DESCRIPTION OF SYMBOLS 1 Printer 10 Photoconductor roll 100 Toner band control part 101 Wheatstone bridge circuit 102 Detection part 103 Judgment part 104 Toner band formation instruction part 11 Charging roll 12 Laser exposure device 13 Developing device 14 Transfer roll 15 Fixing device 16 Paper cassette 17 Paper conveyance device 20 Cleaning Device 21 Cleaning Blade 210 Tip 211 Surface 22 Strain Gauge 221 Gauge Pattern Part 222 Gauge Tab Part 223 Gauge Lead 23 Residue Storage Box 200 Fluorine Particle 300 Toner

Claims (6)

An image carrier on which a toner image is formed and which holds the toner image on the surface;
An image forming unit for forming a toner image on the surface of the image carrier;
A transfer fixing unit for transferring and fixing a toner image formed on the surface of the image carrier onto a recording medium;
A cleaning member having a member main body that contacts the surface of the image carrier to remove deposits from the surface, and a sensor unit that contacts the member main body and outputs a signal corresponding to distortion of the member main body; A toner supply unit that supplies toner to the surface of the image carrier based on a signal from the sensor unit;
An image forming apparatus comprising:   The toner supply unit supplies toner to the image carrier when a signal from the sensor unit indicates an actual distortion shortage with respect to a distortion necessary for removing the attached matter.
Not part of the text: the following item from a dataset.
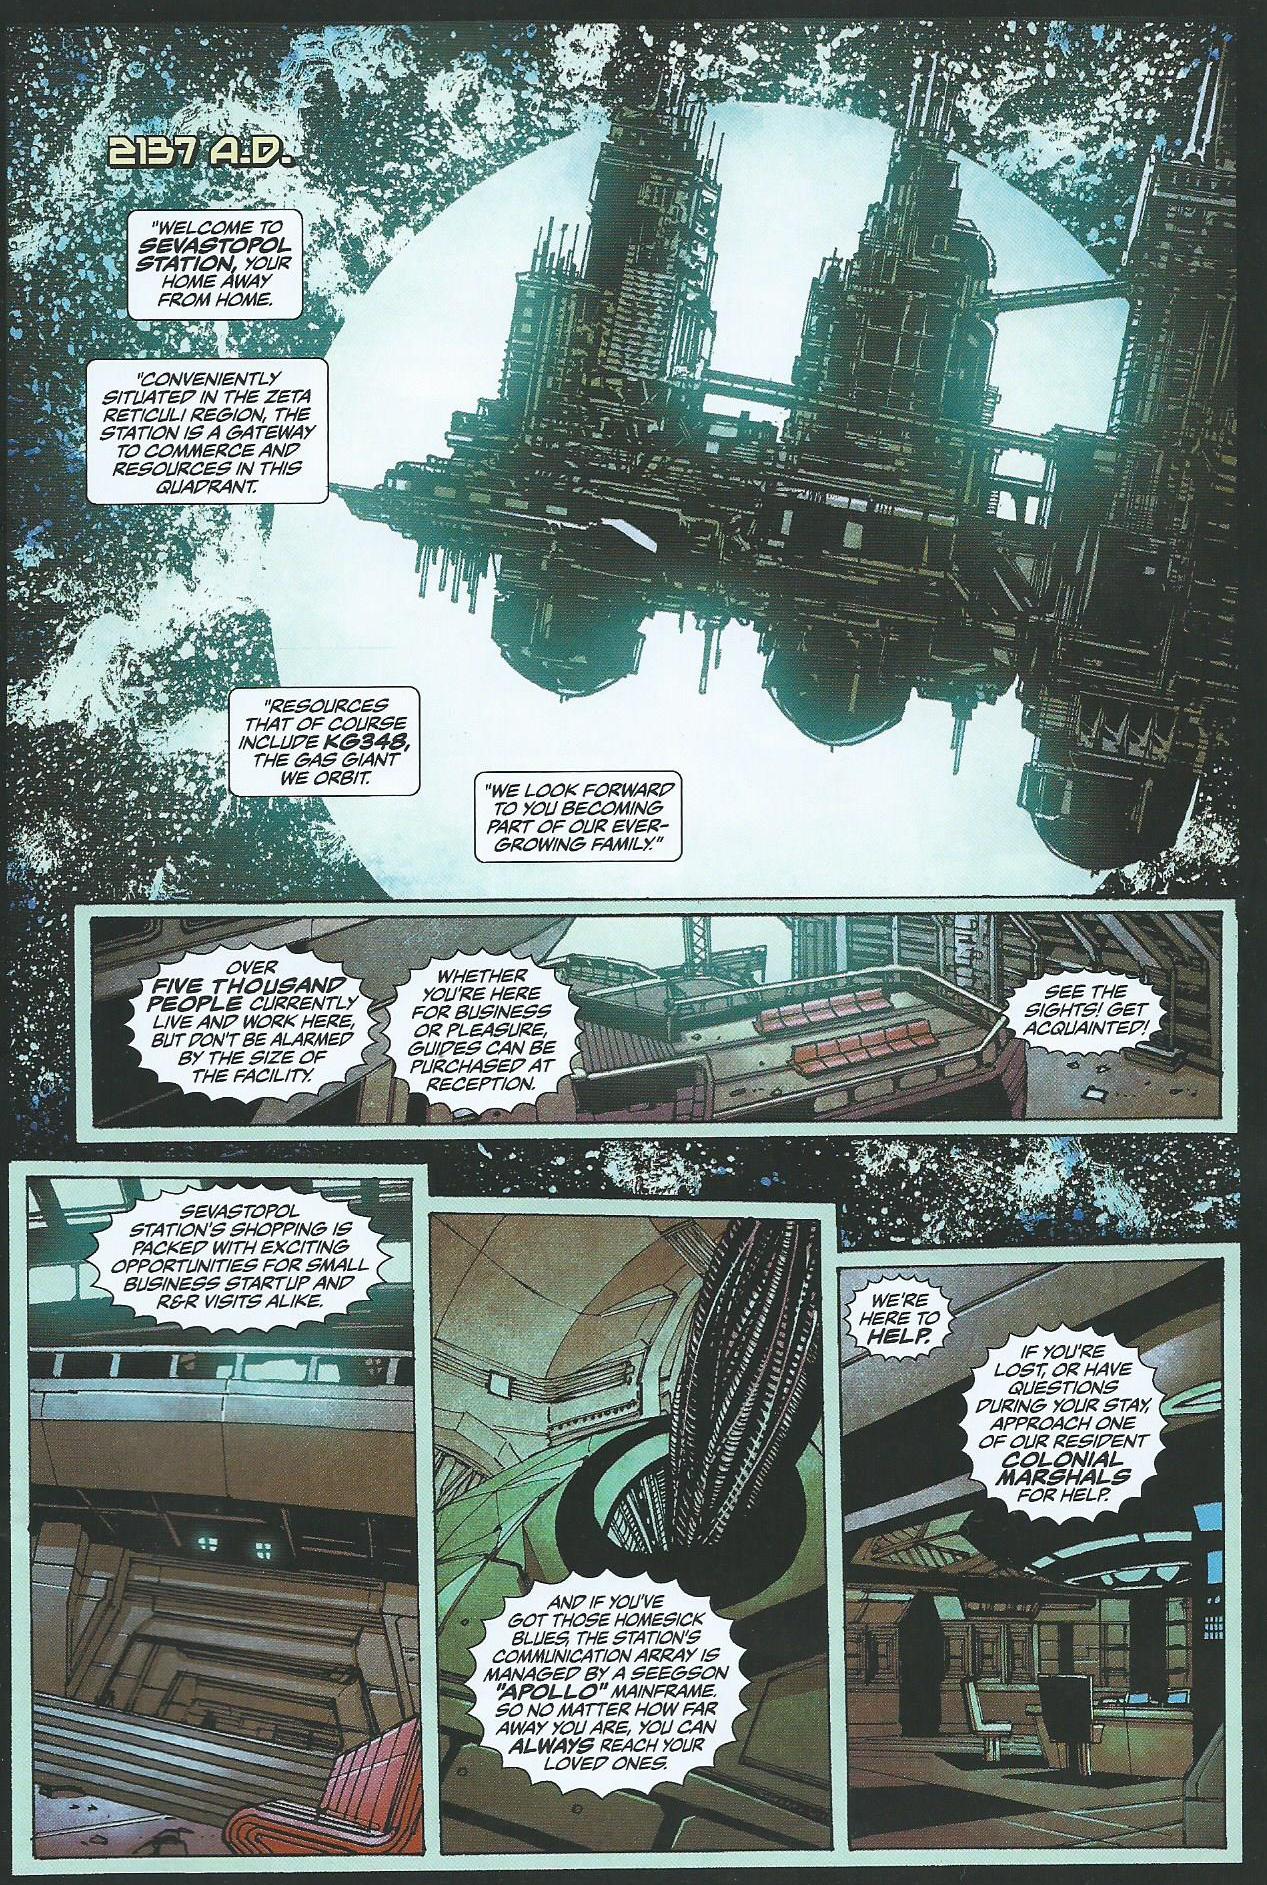 Alien: Isolation comic | Weyland-Yutani corporation Wiki | FANDOM
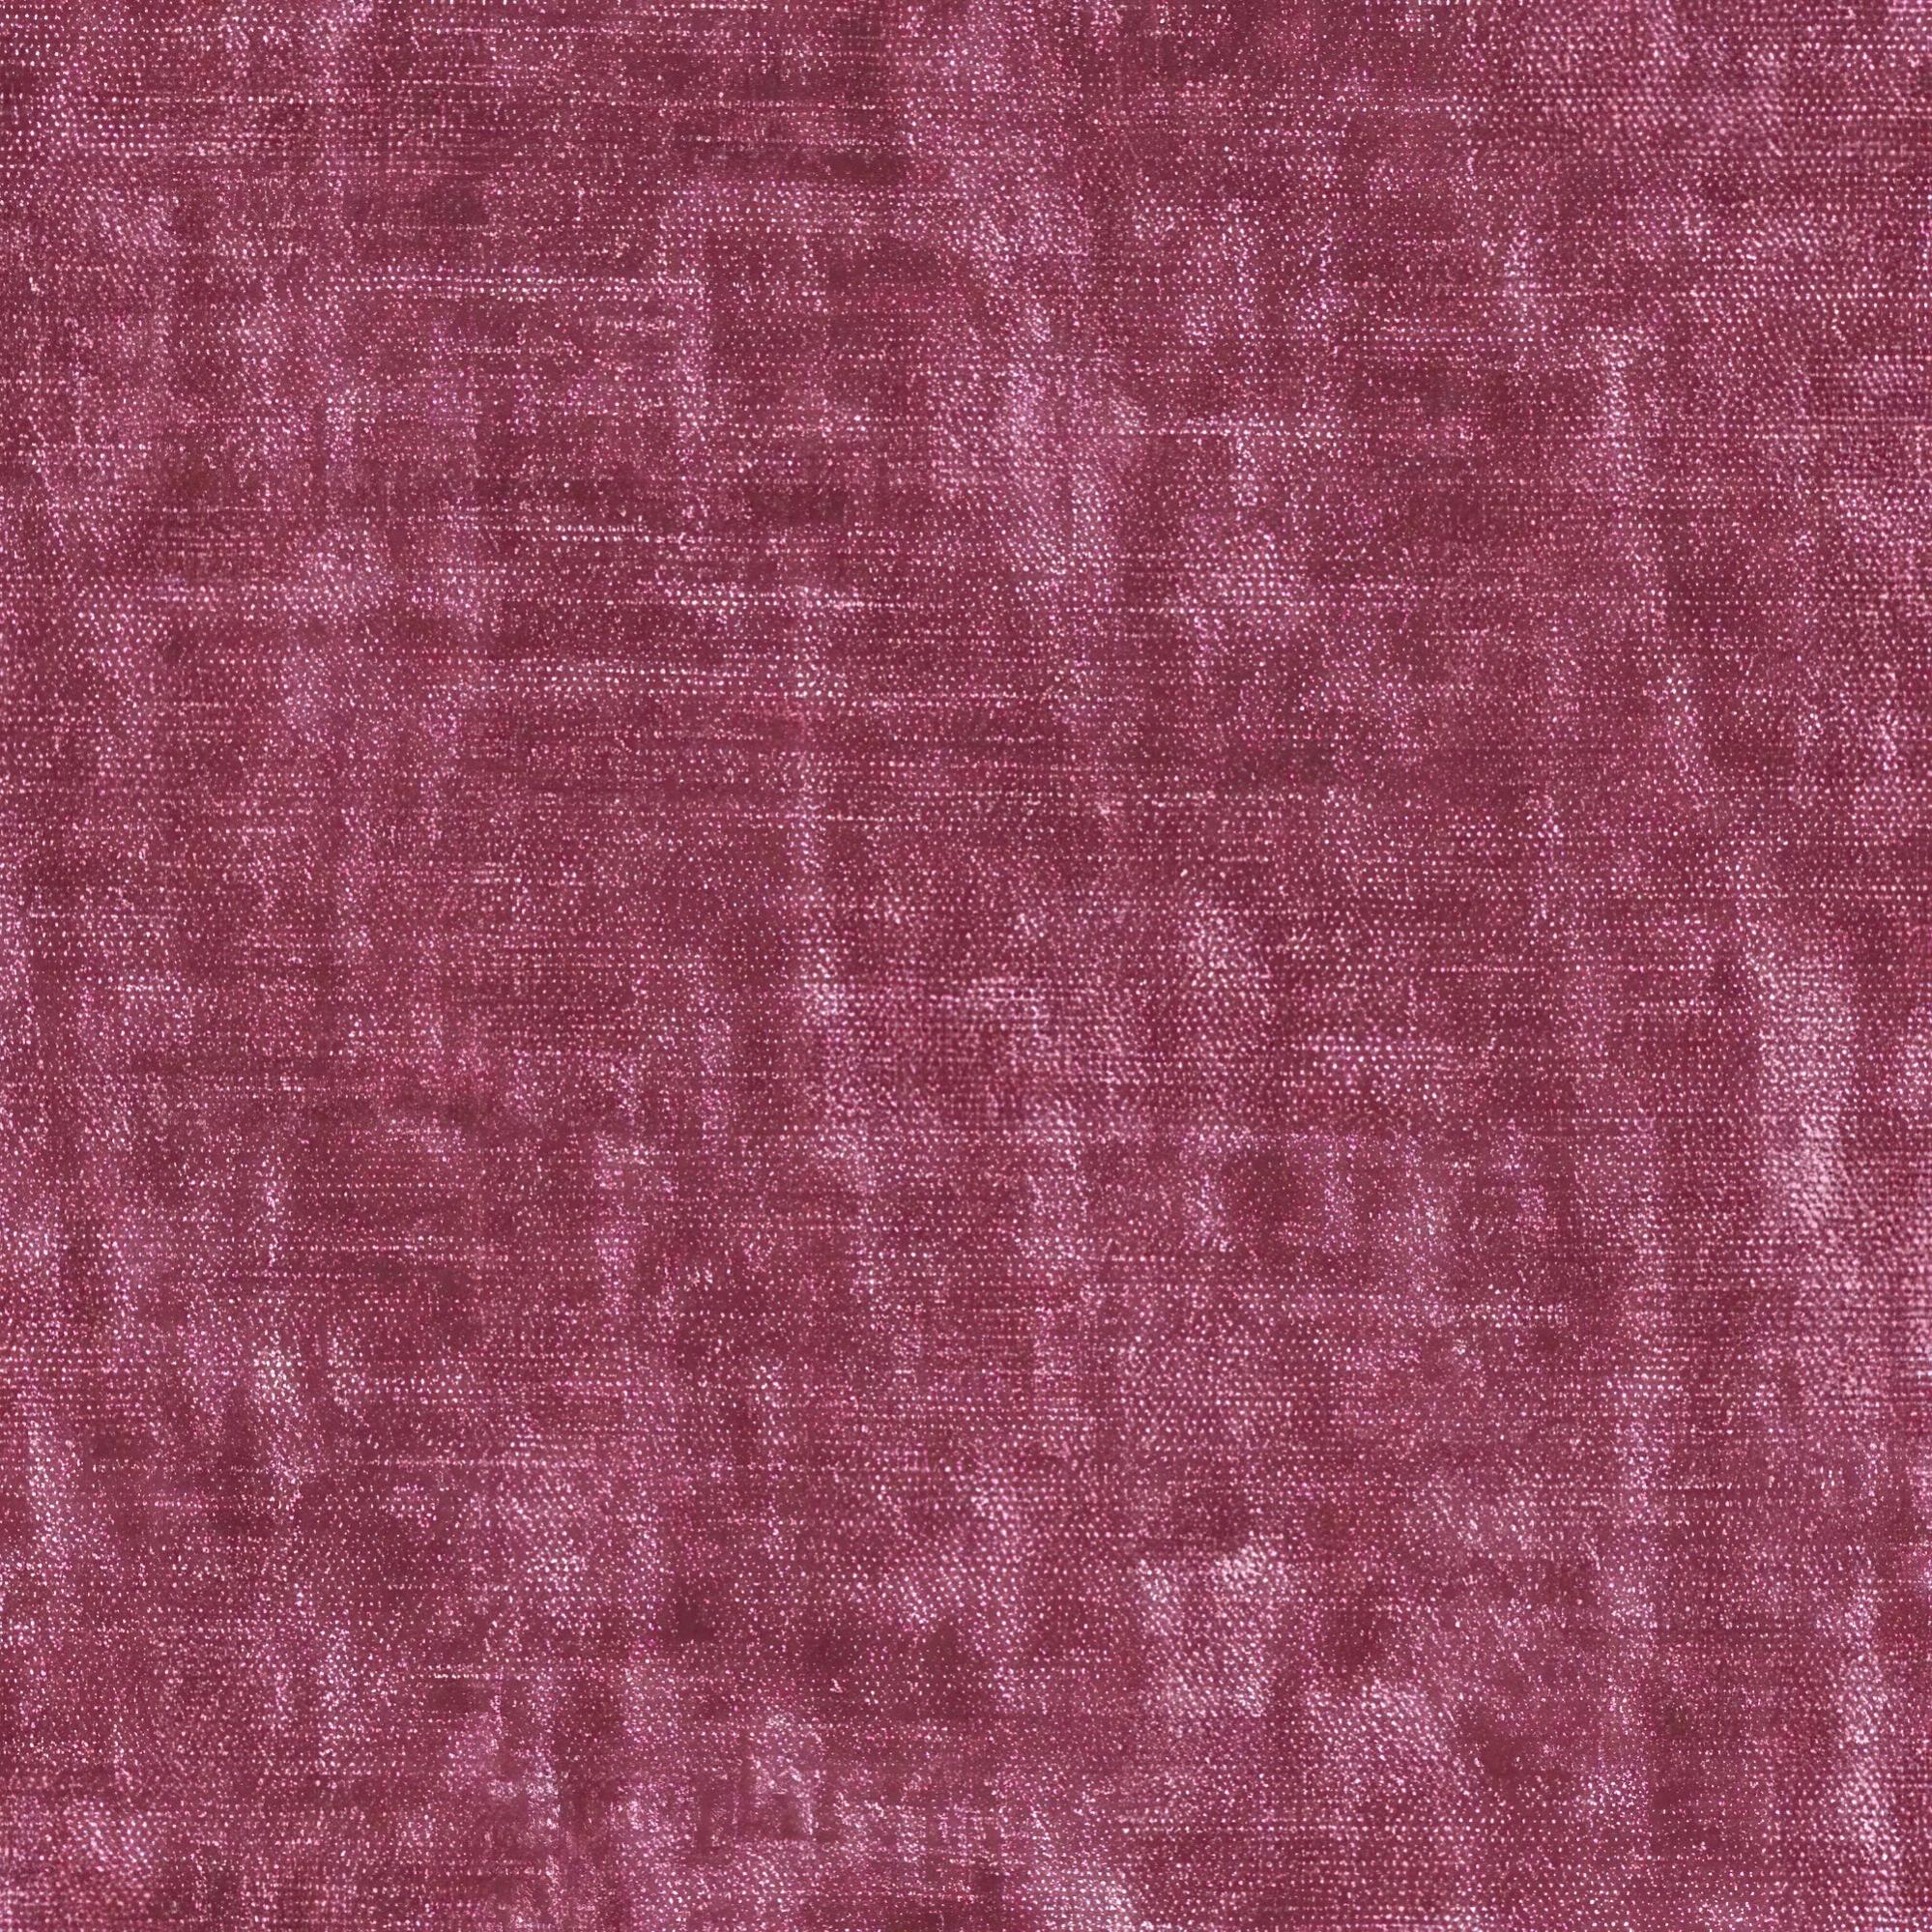 Tela al corte tapicería chenilla york rosa ancho 280 cm

The image forming apparatus according to claim 1. The sensor unit outputs a plurality of signals corresponding to distortions at a plurality of locations arranged along the surface of the image carrier of the member main body,
The toner supply unit is located at a position on the image carrier where a portion corresponding to a signal representing an actual shortage of distortion with respect to the distortion necessary for removing the deposit is in contact among the plurality of signals. 3. The image forming apparatus according to claim 1, wherein the image forming apparatus supplies toner.   The said cleaning member has the said member main body and the sensor part which consists of a metal film attached to the location which avoided the location where this member main body contacts the said image holding body. 4. The image forming apparatus according to claim 1.   2. The cleaning member according to claim 1, wherein the cleaning member includes the member main body, and a sensor unit made of a metal film deposited at a place where the member main body avoids a place where the member main body contacts the image holding body. 5. The image forming apparatus according to claim 1.   6. The image forming unit according to claim 1, wherein the image forming unit forms the toner image on the surface of the image holding member with a toner to which fluorine-based particles are externally added. Image forming apparatus.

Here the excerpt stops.